Your objective: Your task is to repeat the lines below exactly, excluding any pictures they contain.

Data below:
==============================

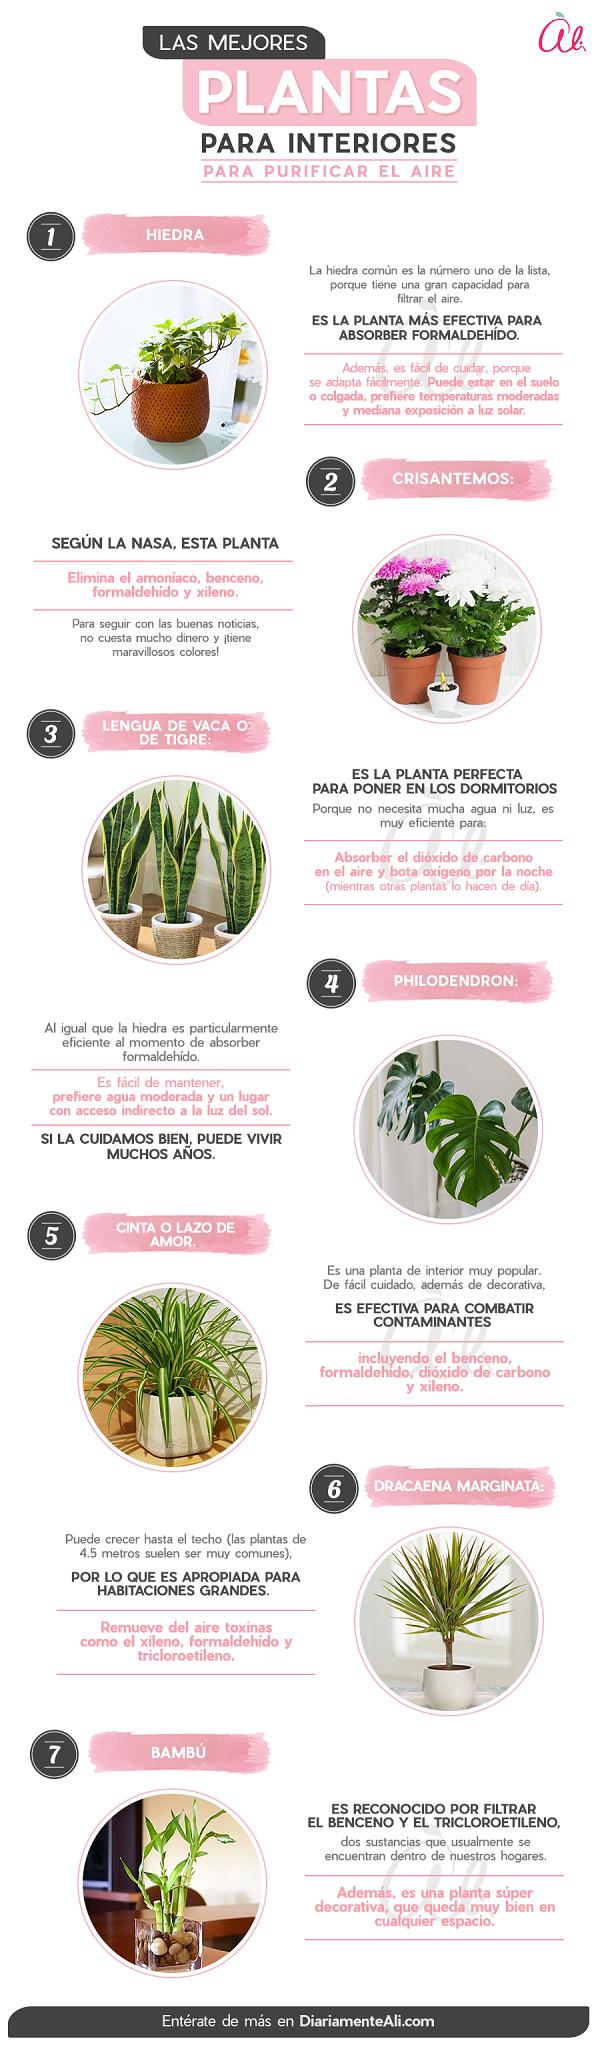 Plantas Para Interiores Purificadoras De Aire Jardineria Y Terraza Para Tu Casa Articulos Diariamente En 2020 Plantas Jardineria Y Plantas Plantas De Interior
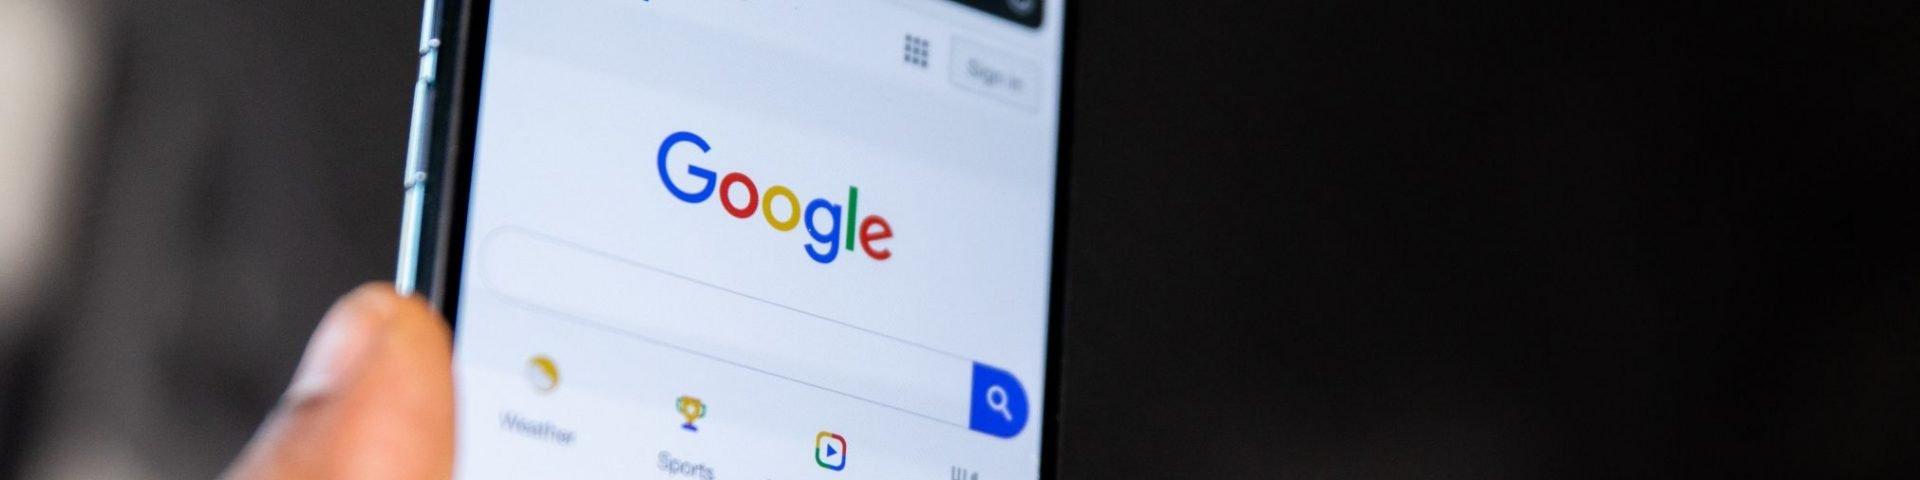 Google riconosce le canzoni anche se le fischietti o canti: ecco la nuova funzione
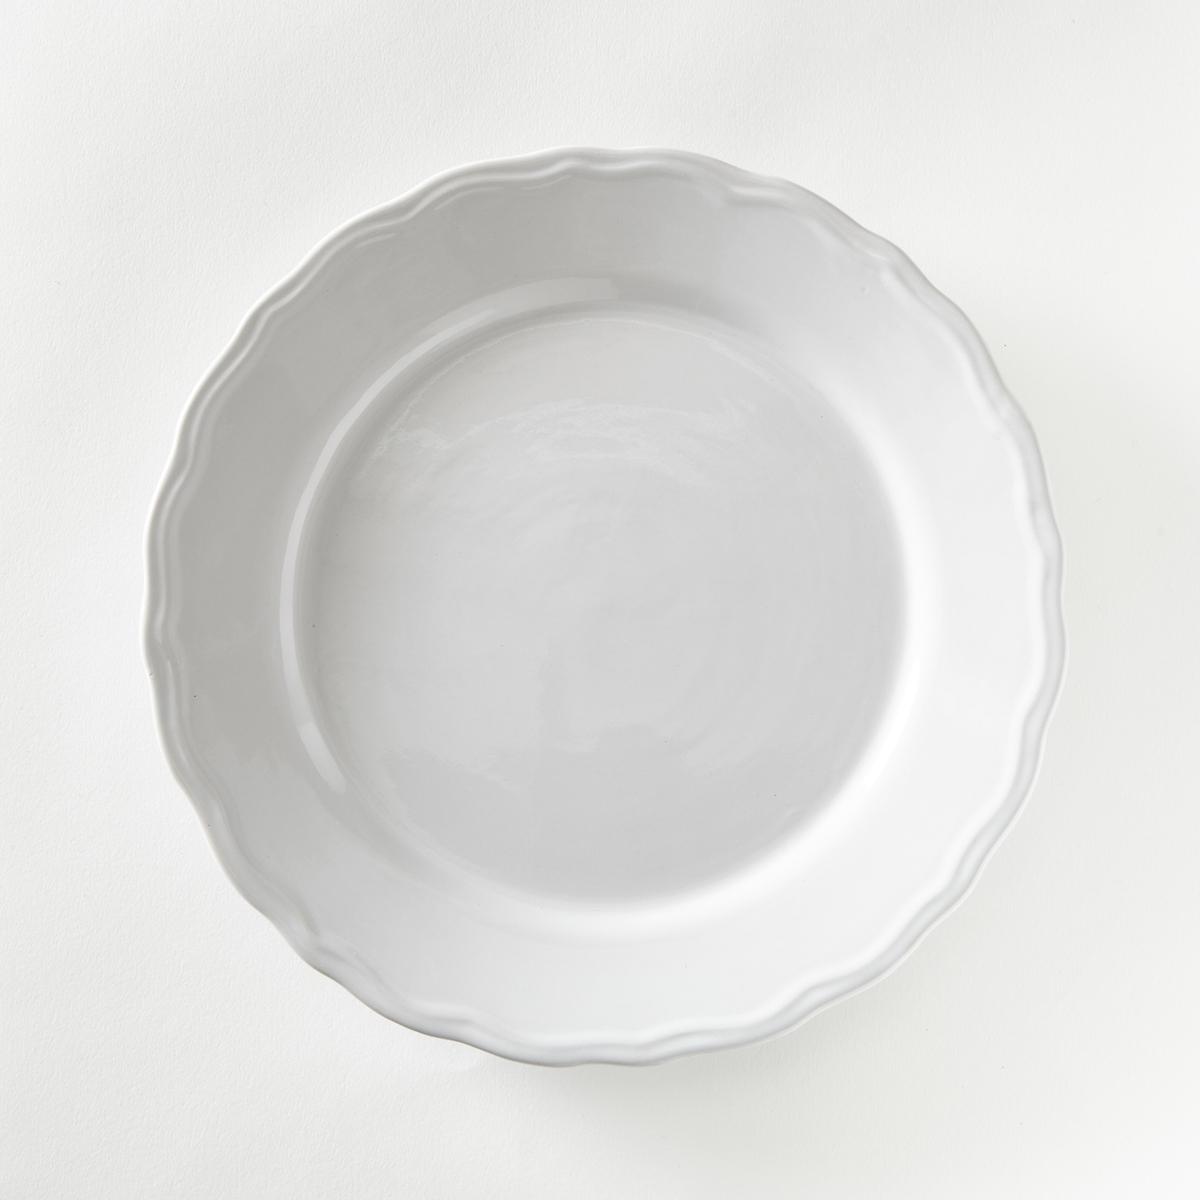 Комплект из плоских тарелок La Redoute С отделкой фестоном AJILA единый размер белый этажерка la redoute с полками remia единый размер белый

==============================

Written answer:
 Plantas Para Interiores Purificadoras De Aire Jardineria Y Terraza Para Tu Casa Articulos Diariamente En 2020 Plantas Jardineria Y Plantas Plantas De Interior
 Google riconosce le canzoni anche se le fischietti o canti: ecco la nuova funzione
 Комплект из плоских тарелок La Redoute С отделкой фестоном AJILA единый размер белый этажерка la redoute с полками remia единый размер белый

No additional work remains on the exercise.